However, what is required of YOU may not be easy. If you are in the middle of a life where you have piled credit card debt higher than Everest, it may be a scary journey toward the nearest base camp. But you might say to yourself, "I am not on a course toward any 'base camp.' Hey, I'm not even a climber!" Well, surprise: the act of carrying balances on high-interest credit cards have placed you in a high-stakes adventure where the freedom to sculpt your life creatively, in the pattern of your choosing, is in question. Failure to chart a course to base camp during this expedition may subject you to an unforgiving cold that robs you of your ability to enjoy anything that life has to offer.
Now, as scary as the game of using credit cards - and adjustable rate mortgages - can sound, you CAN win, where "winning" is not filing bankruptcy, losing your home, and generally not becoming enslaved to working and living to paying off bills.

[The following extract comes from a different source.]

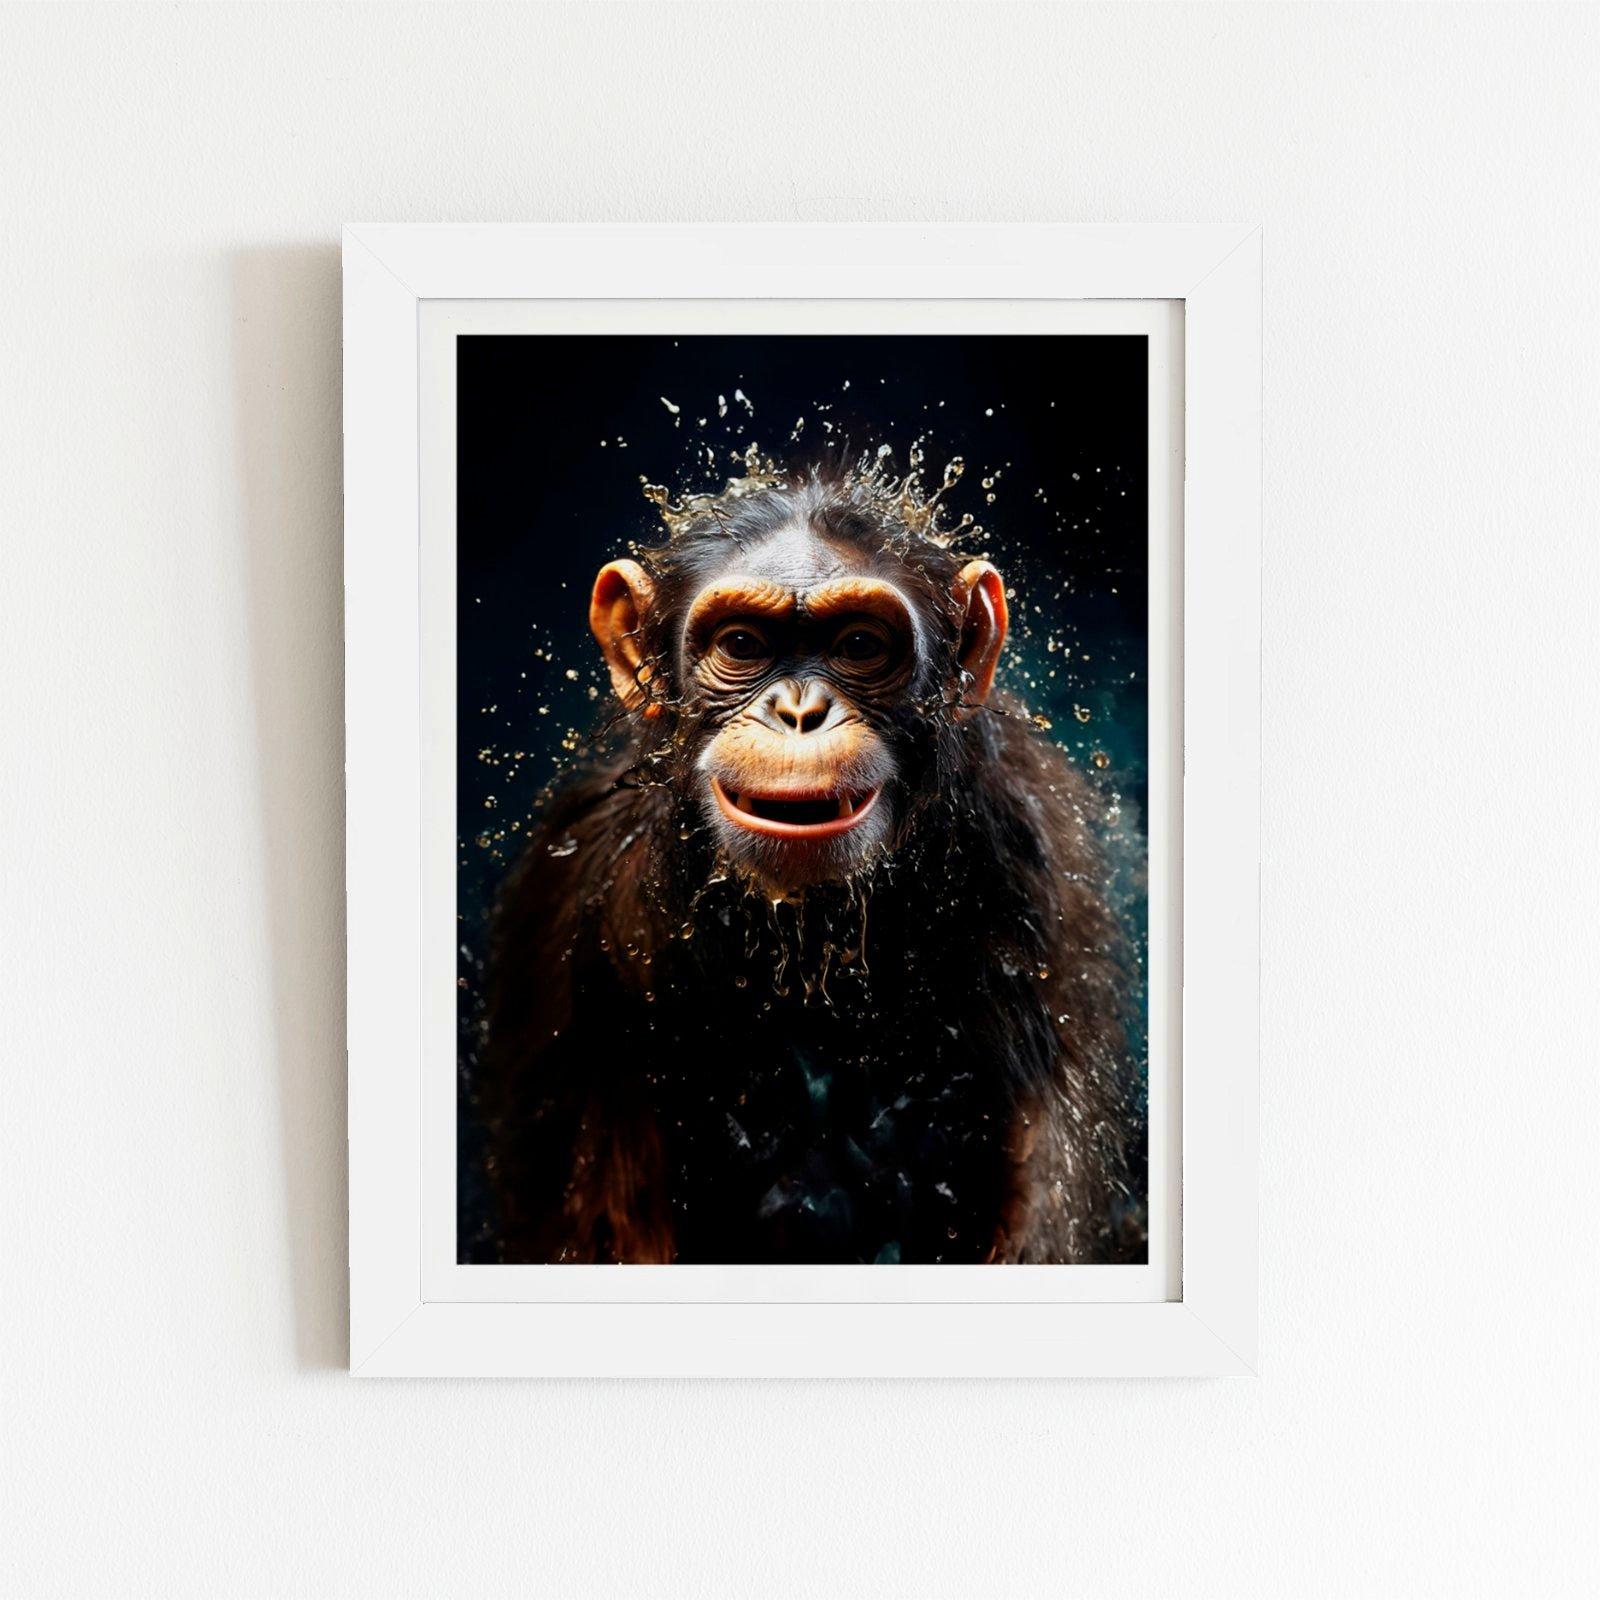 Realistic Monkey Face Splashart Framed Art Print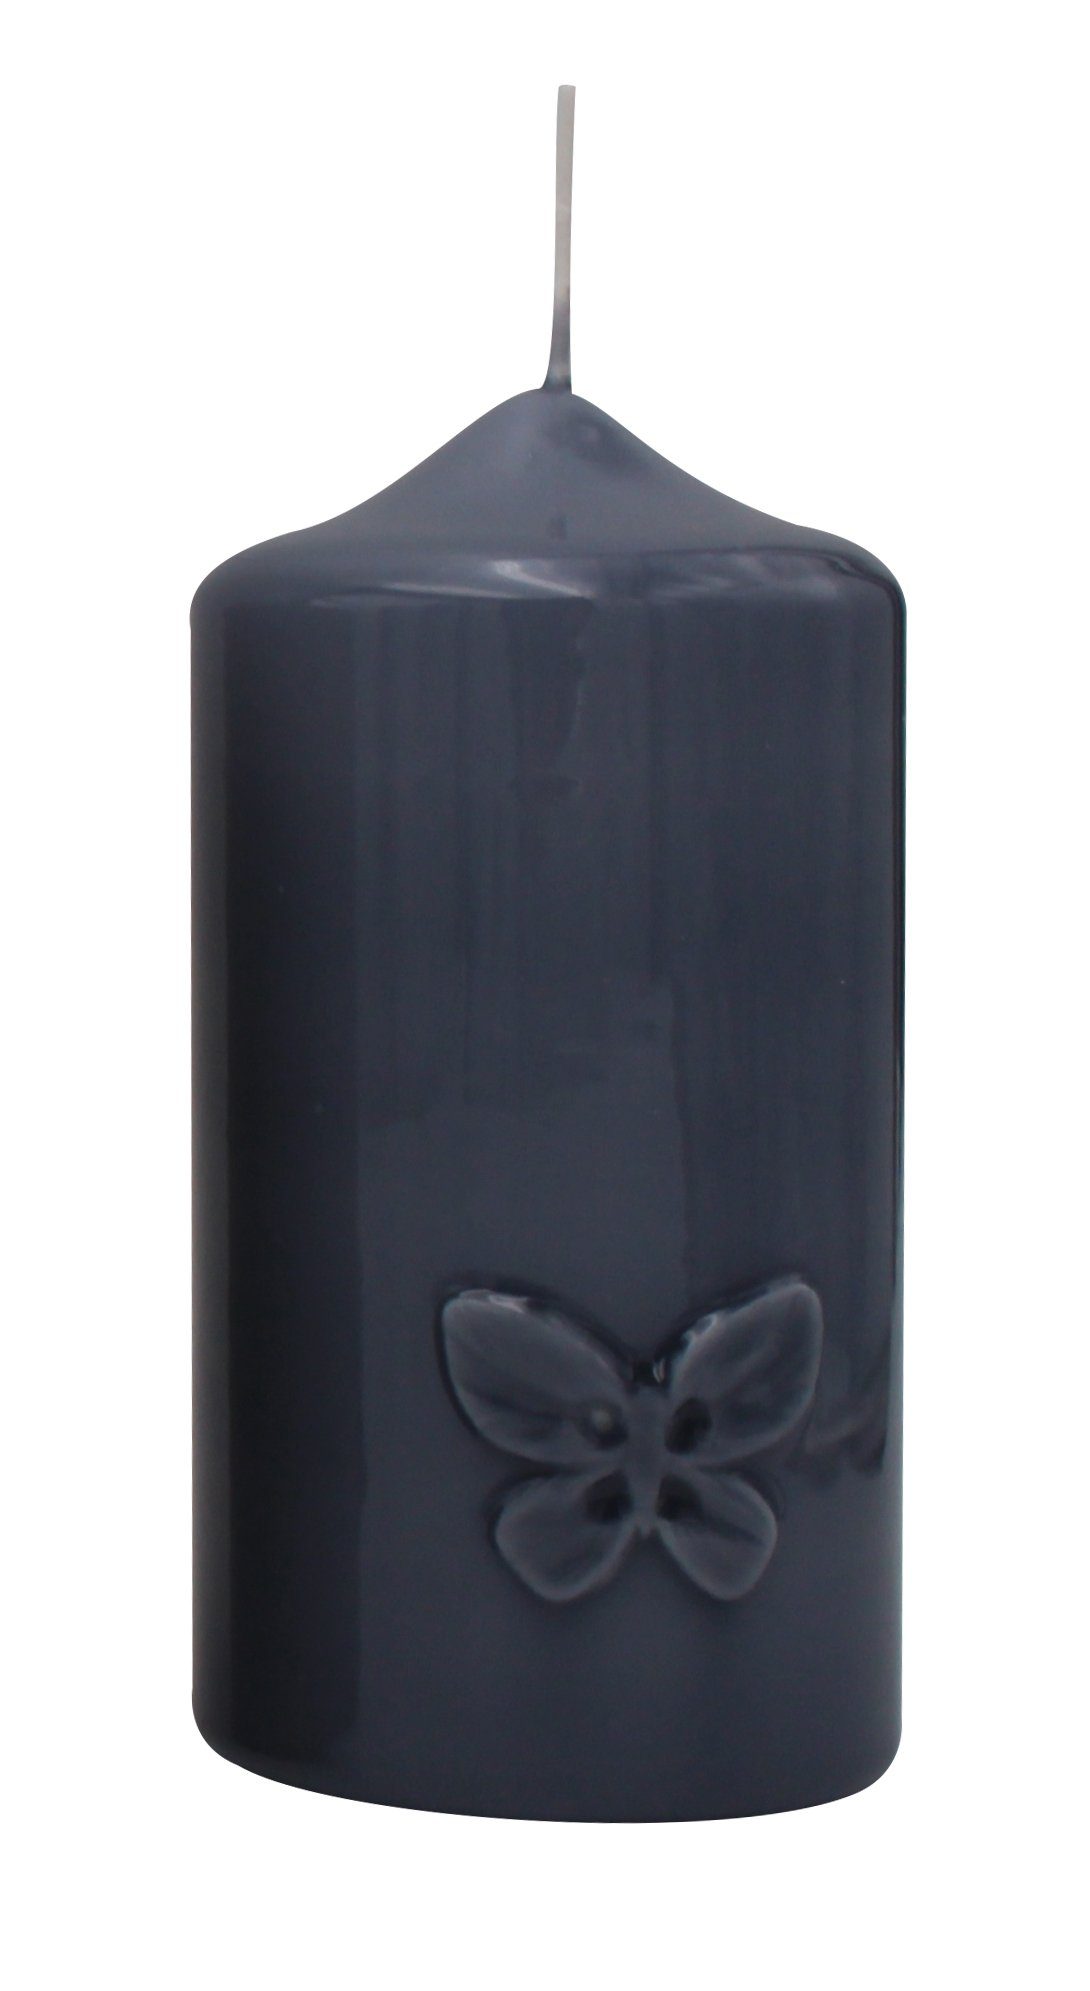 Kopschitz Kerzen Stumpenkerze Kerze "Butterfly" Blau-Grau gelackt 120 x Ø 60 mm, 1 Stück

Winning boils down to two ingredients: (1) a plan, and (2) some sacrifice.
I know. Big yawn, right? Another tale of simple solutions. Wrong. For those entangled in the credit game, the following approach works.
(1) To produce the plan, you amass paper artifacts that represent your monthly bills. Get the most recent invoices you can find from Verizon, Comcast, the garbage man, the electric company, the gas company (if your stove or fireplace is heated by oil or propane). Remember to pull out insurances for your vehicle or home and divide that number by 6 or 12 depending on the policy coverage period, when you get to the point of writing numbers down anywhere. Also find the receipts for the grocery store for a month - whatever month seems to represent a normal month. Finally, produce a physical monthly statement for all of your bank accounts and credit accounts so you can determine whether you've missed any monthly obligations like magazine or online subscriptions.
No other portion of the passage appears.